» **Data excerpt**:
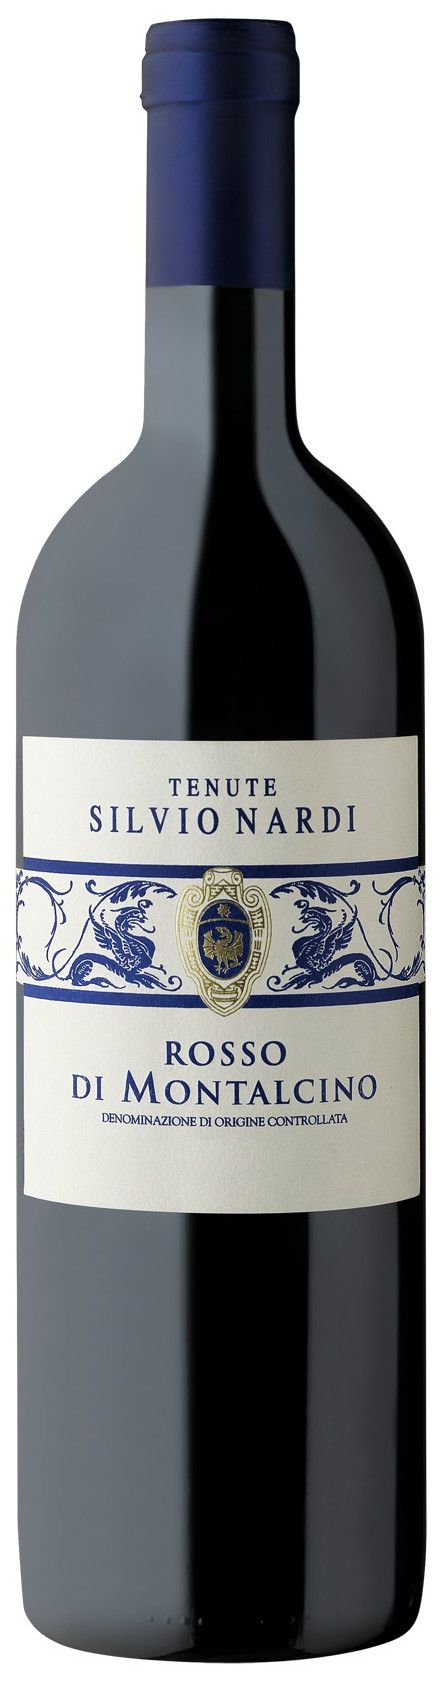 Tenute Silvio Nardi, Rosso Di Montalcino, 2006
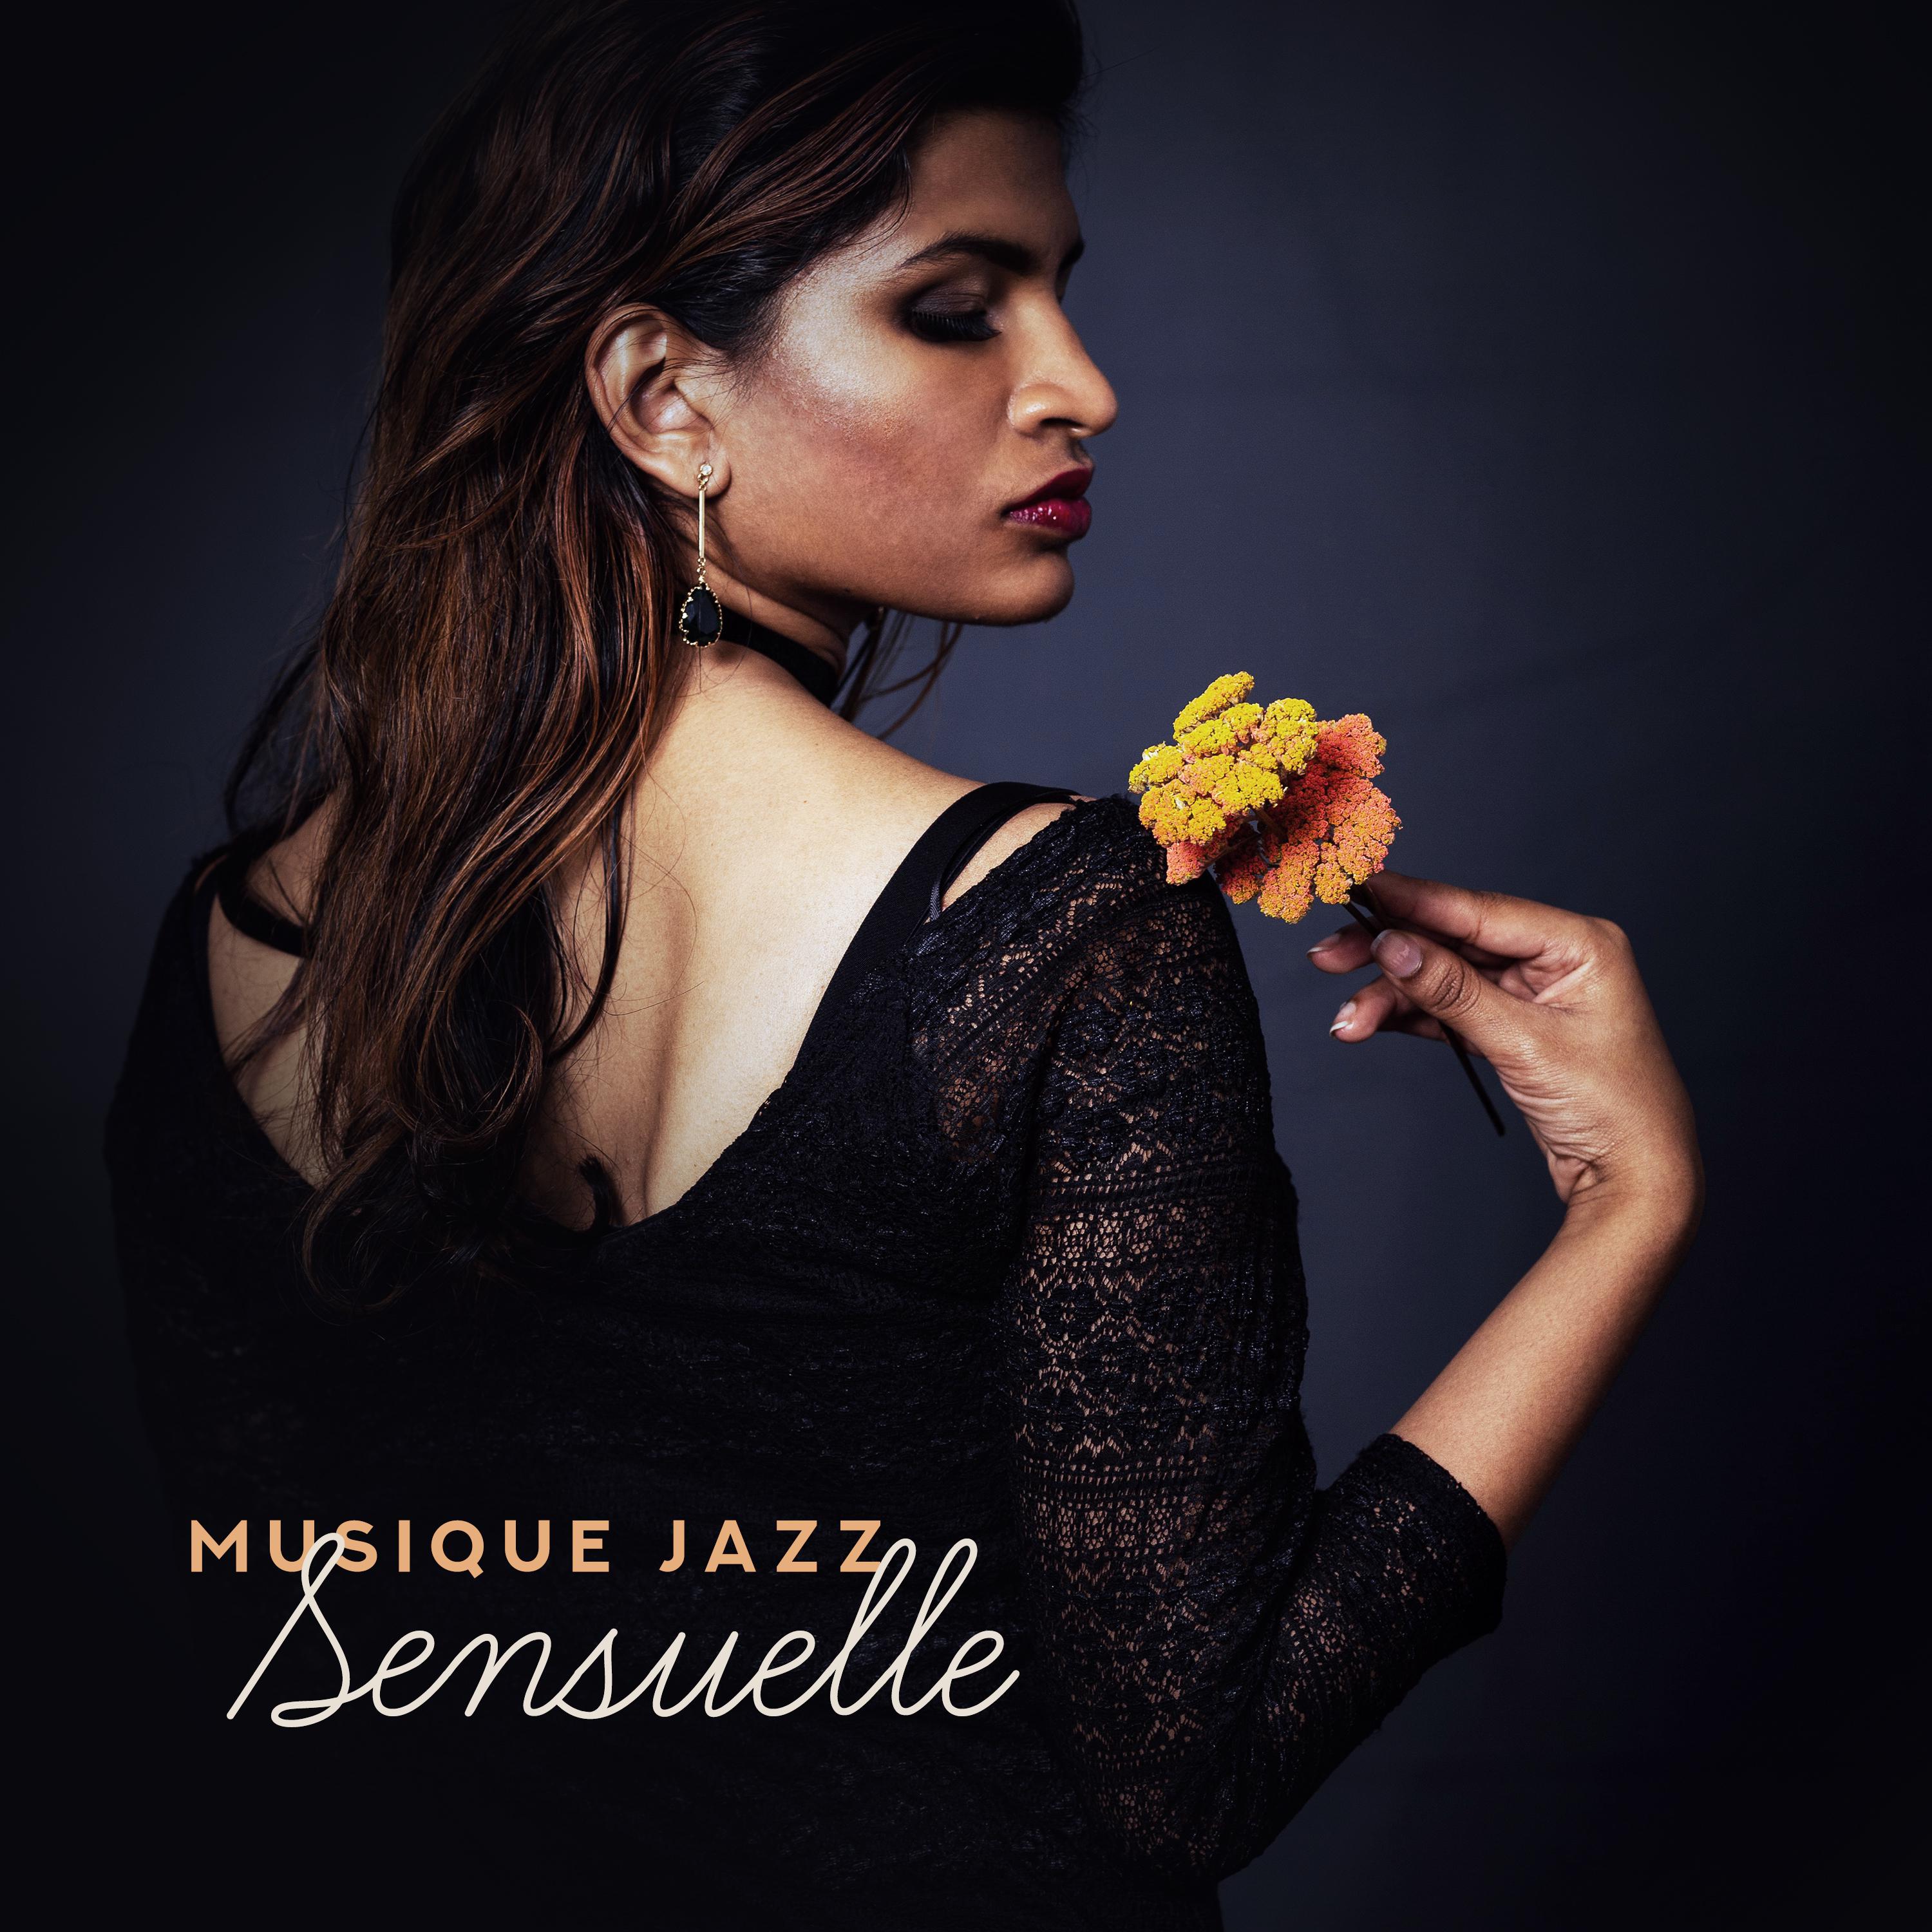 Musique Jazz Sensuelle - Compilation de Musique Smooth Jazz Fraîche
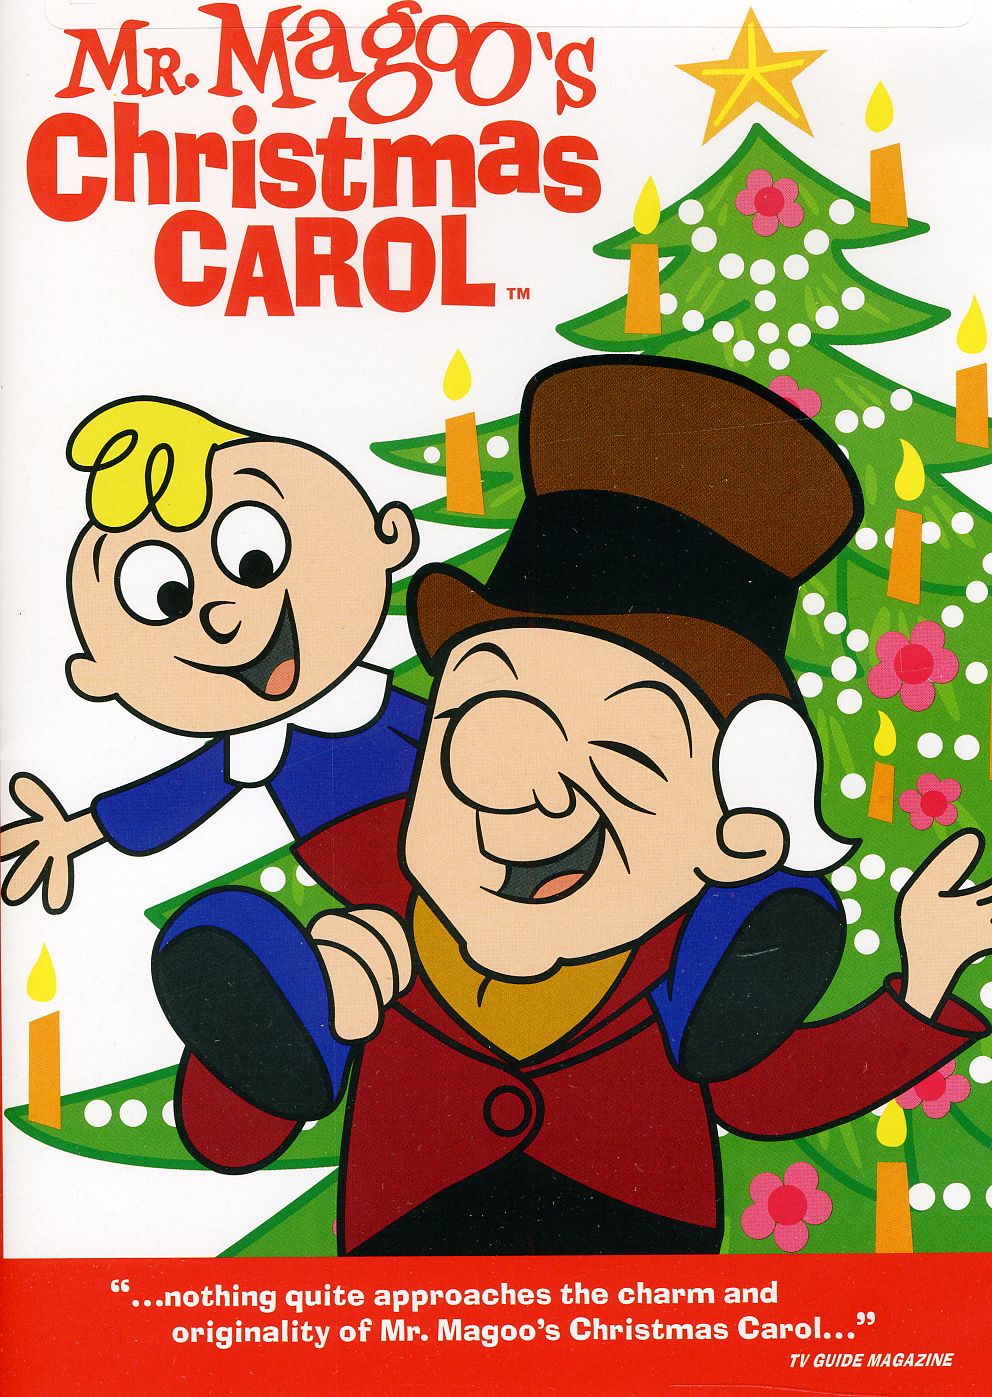 An Animated Broadway Musical for Christmas: “Mr. Magoo’s Christmas Carol”
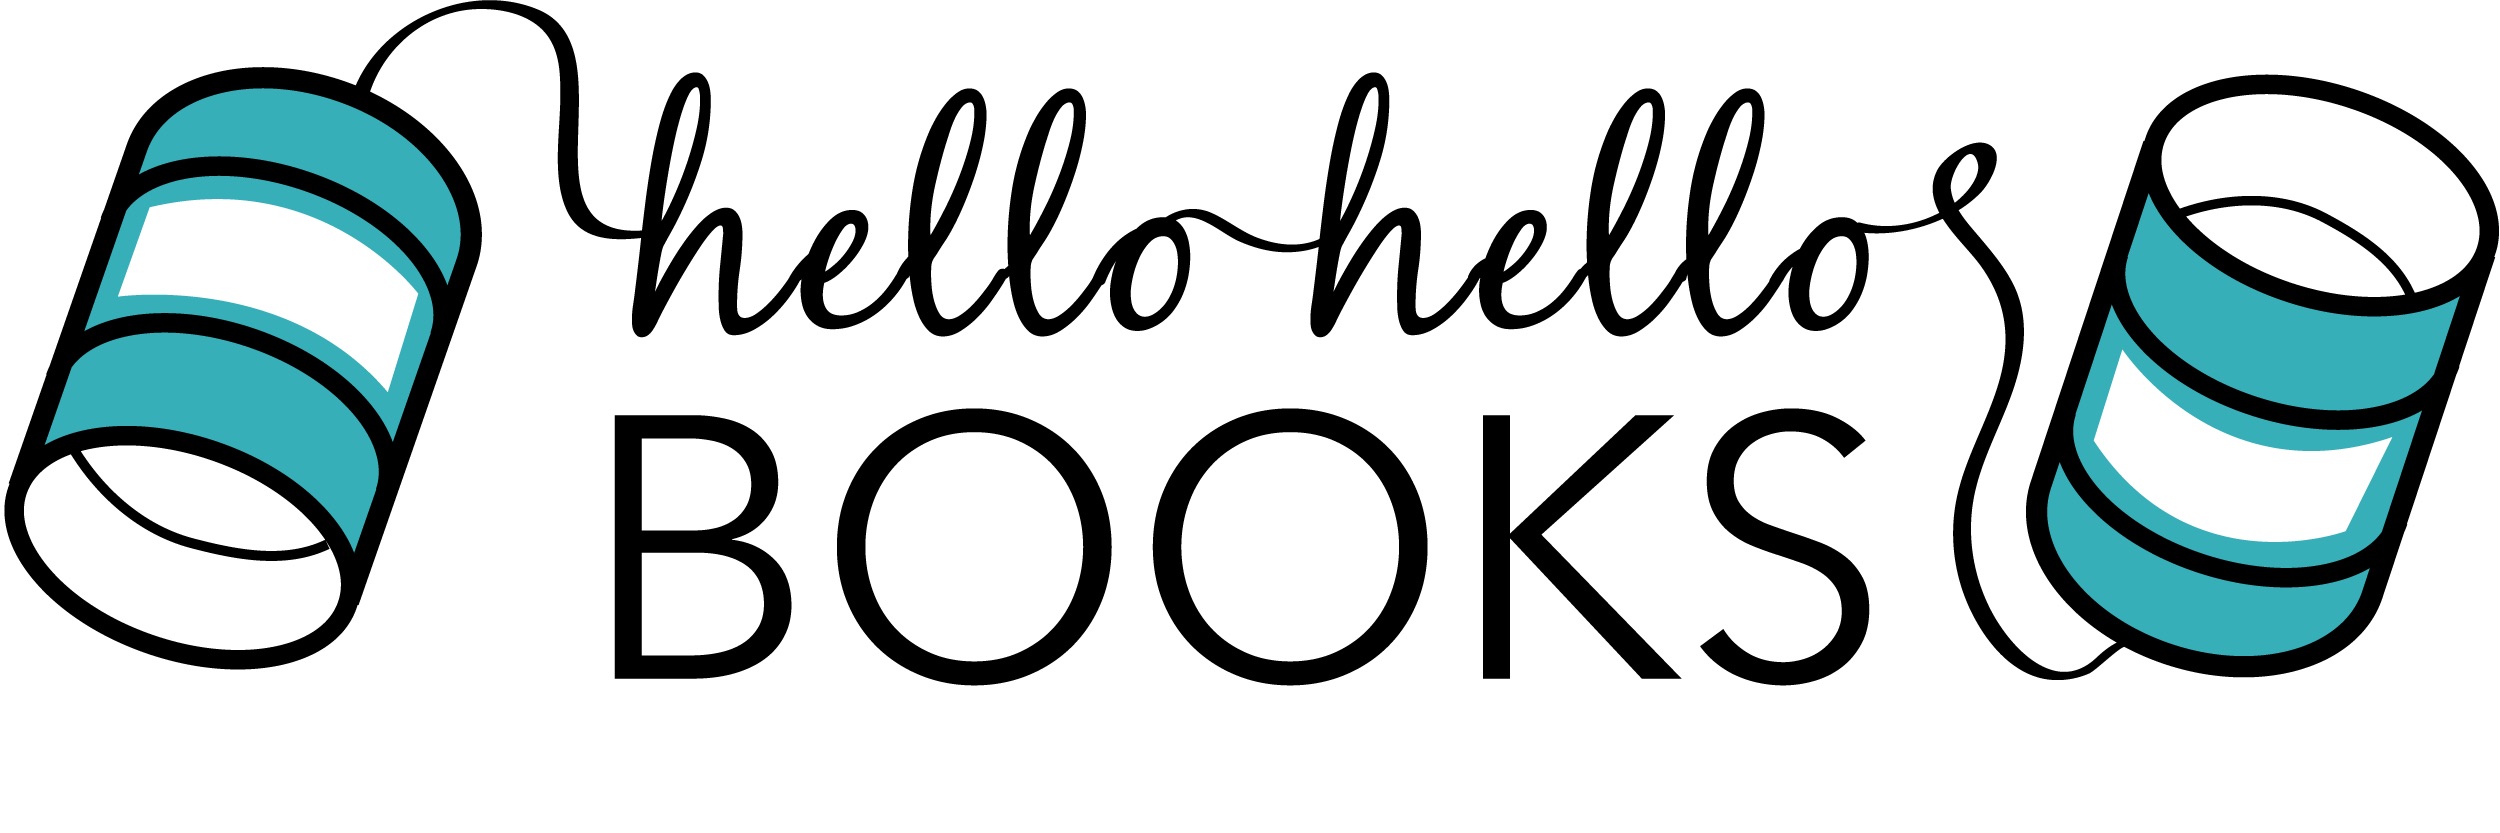 Hello Hello Books

» **Aim of the exercise**: Write every line above again exactly, but leave the pictures out.

» **Solution**:
 Tenute Silvio Nardi, Rosso Di Montalcino, 2006
 Musique Jazz Sensuelle - Compilation de Musique Smooth Jazz Fraîche
 An Animated Broadway Musical for Christmas: “Mr. Magoo’s Christmas Carol”
 Hello Hello Books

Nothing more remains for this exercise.